───── Supplied material

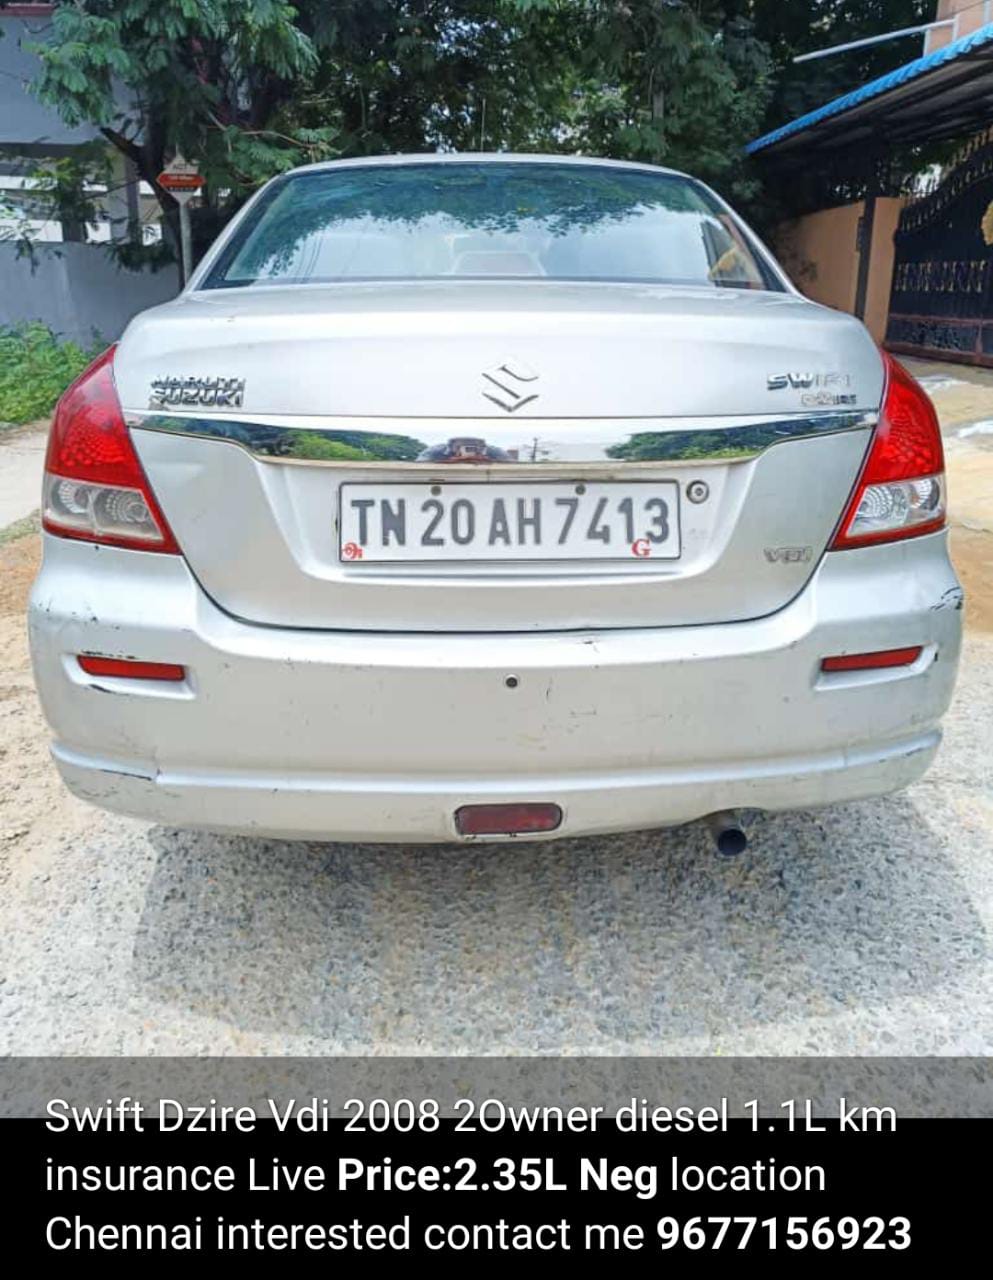 4243-for-sale-Maruthi-Suzuki-DZire-Diesel-Second-Owner-2008-TN-registered-rs-235000
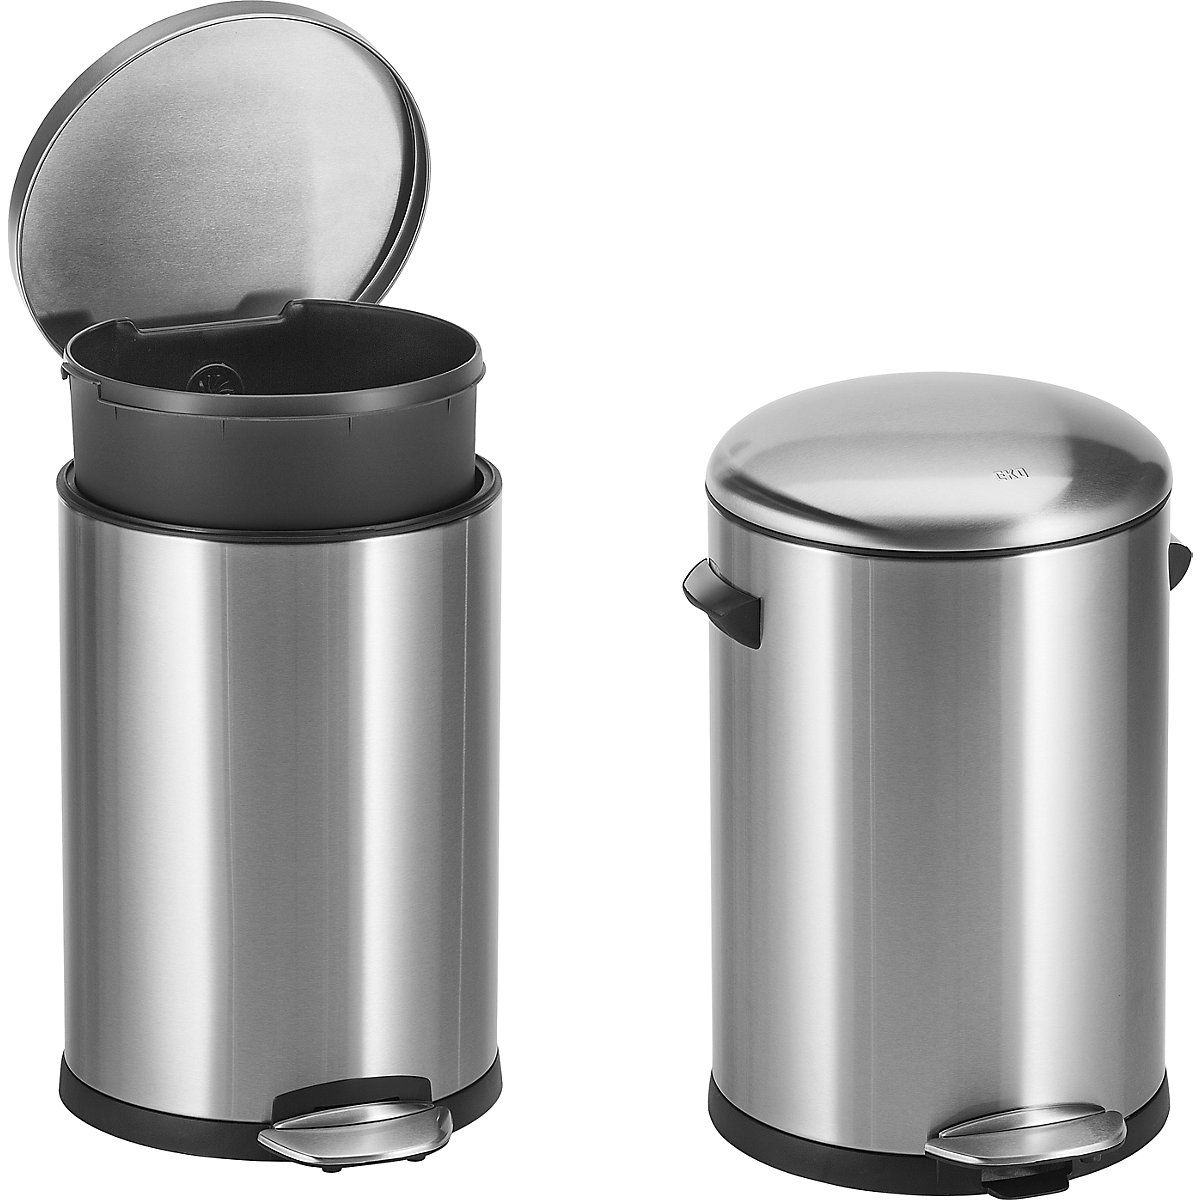 Coș de gunoi cu pedală, din inox, rotund – EKO (Imagine produs 3)-2
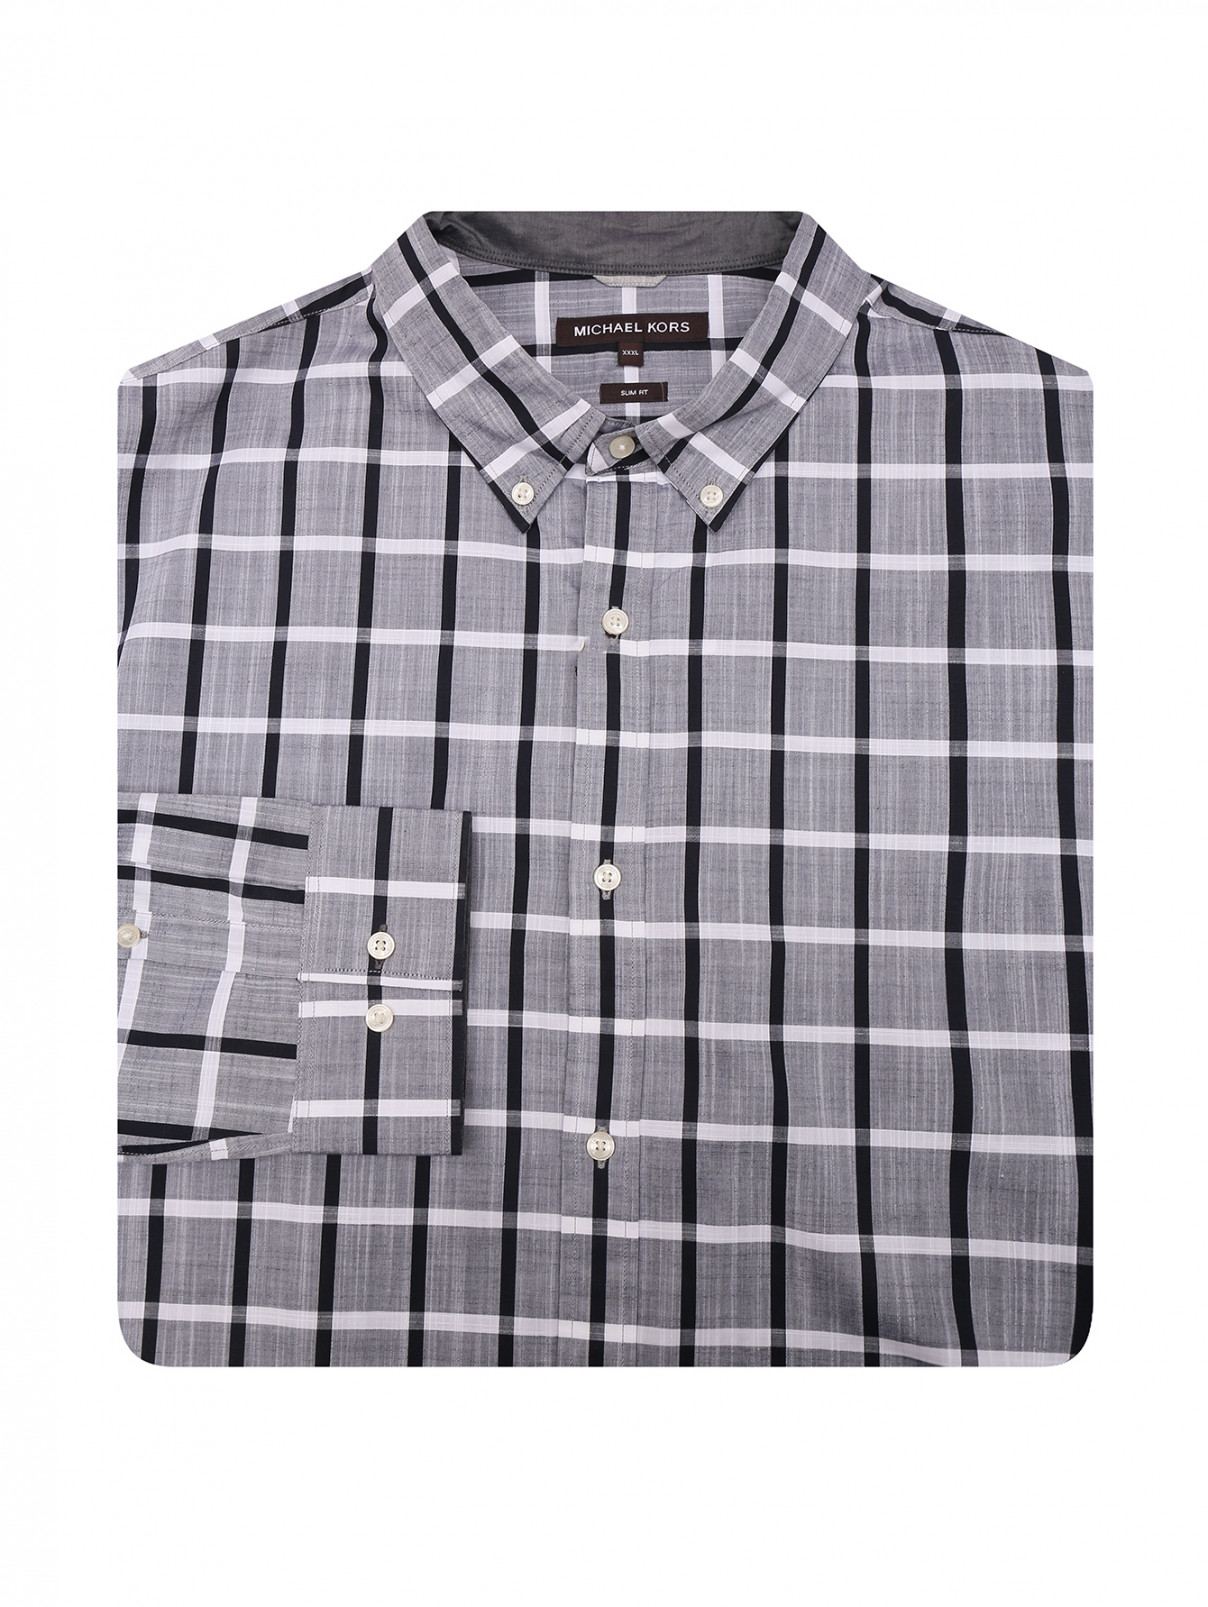 Рубашка из хлопка с узором клетка Michael by MK  –  Общий вид  – Цвет:  Серый

──────────

* [Task goal]
What should appear is an exact reproduction of the lines from the one with "Coș de gunoi" through the end of the material above, and no pictures.

* [Completed task]
 Coș de gunoi cu pedală, din inox, rotund – EKO (Imagine produs 3)-2
 Рубашка из хлопка с узором клетка Michael by MK  –  Общий вид  – Цвет:  Серый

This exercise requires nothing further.